Prominent Iranian mathematician Professor Abolghassem Ghaffari passed away on the night of Tuesday November 5, 2013, at the age of 106. Less than a month earlier, at the ceremony for the first Spirit of Iranian Noted Achievers (SINA) Awards recognizing the contributions of outstanding Iranians to the arts, science and culture, Professor Ghaffari was a recipient of the prestigious award.
The award was established by a group of Iranian professors and scholars at Harvard, MIT and other Boston-based universities. Other winners of the first SINA Awards and inductees to the Hall of Fame included Bahram Beyzaie, Mahmoud Farshchian, Ehsan Yarshater and Jalil Shahnaz.
Abolghassem Ghafari was born in Tehran in 1906, studied at Darolfonoon School and was part of the first group of Iranian students sent to study in France. He pursued his masters in mathematics at France’s Nancy University and obtained his PhD in mathematics from Sorbonne with a PhD thesis entitled “Brownian Motion from the Perspective of Advanced Mathematics”, which led to his meeting with Albert Einstein. Brownian motion was also the topic of one of Einstein’s five articles in 1905.
In addition to teaching at the Universities of Tehran, Princeton, Harvard and Washington, Ghaffari was the first Iranian to find his way into NASA and the only foreign national involved in the orbital calculations of the Apollo 11 project at NASA’s Goddard Space Centre. He even received the NASA Exceptional Achievement Medal for the Apollo 11 project from Richard Nixon, the U.S. president at the time. He went on to receive the Royal Homayoon Medal as well as the Medals of Science and Gratitude from Iranian monarch Mohammad Reza Shah Pahlavi.

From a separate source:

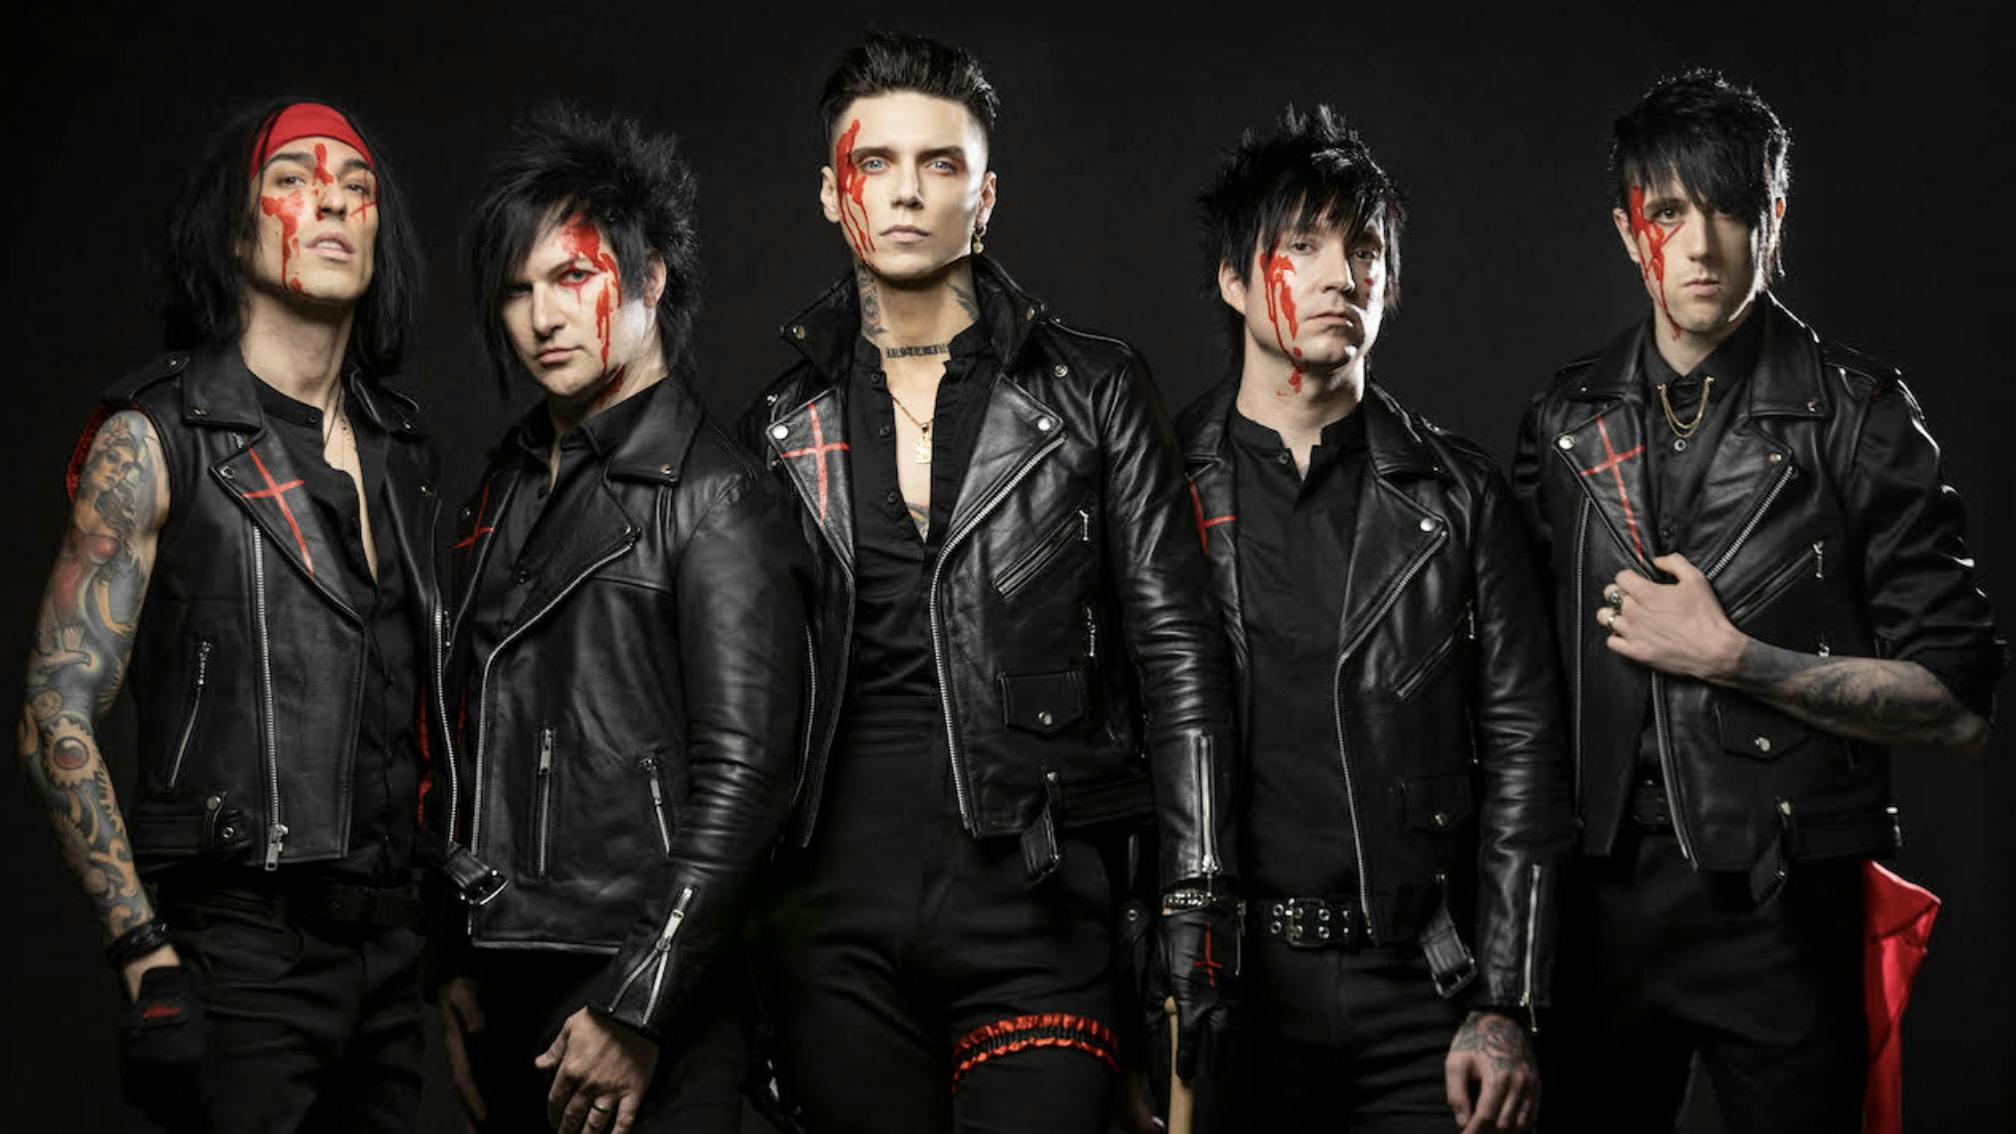 Here’s the setlist from the first night of Black Veil Brides’ UK tour

Despite his many achievements in the field of science, Ghaffari was not well known in the Iranian community and had often made efforts to correct media misrepresentations of his biography and history. Ghaffari was active throughout his life as a member of the Iranian National Commission for UNESCO, the New York Academy of Sciences, the Washington Academy of Sciences, the American Association for the Advancement of Science, the London Mathematical Society and the U.S. Astronomical Society. Later in life, he avidly pursued recent developments in string theory.
It is noteworthy that when Ghaffari’s collaborated with Einstein for a few months at the Princeton Centre for Advanced Studies, their work revolved around the central formulation of equations of unified field theory, which today remains a hot topic of the scientific community’s discussion of string and loop quantum gravity theories.
Professor Ghaffari’s daughter, Vida Ghaffari, announced that one of her father’s chief desires was to establish a bursary for Iranian students of mathematics and science and she added that a bursary in Professor Ghaffari’s name will be soon set up for this purpose.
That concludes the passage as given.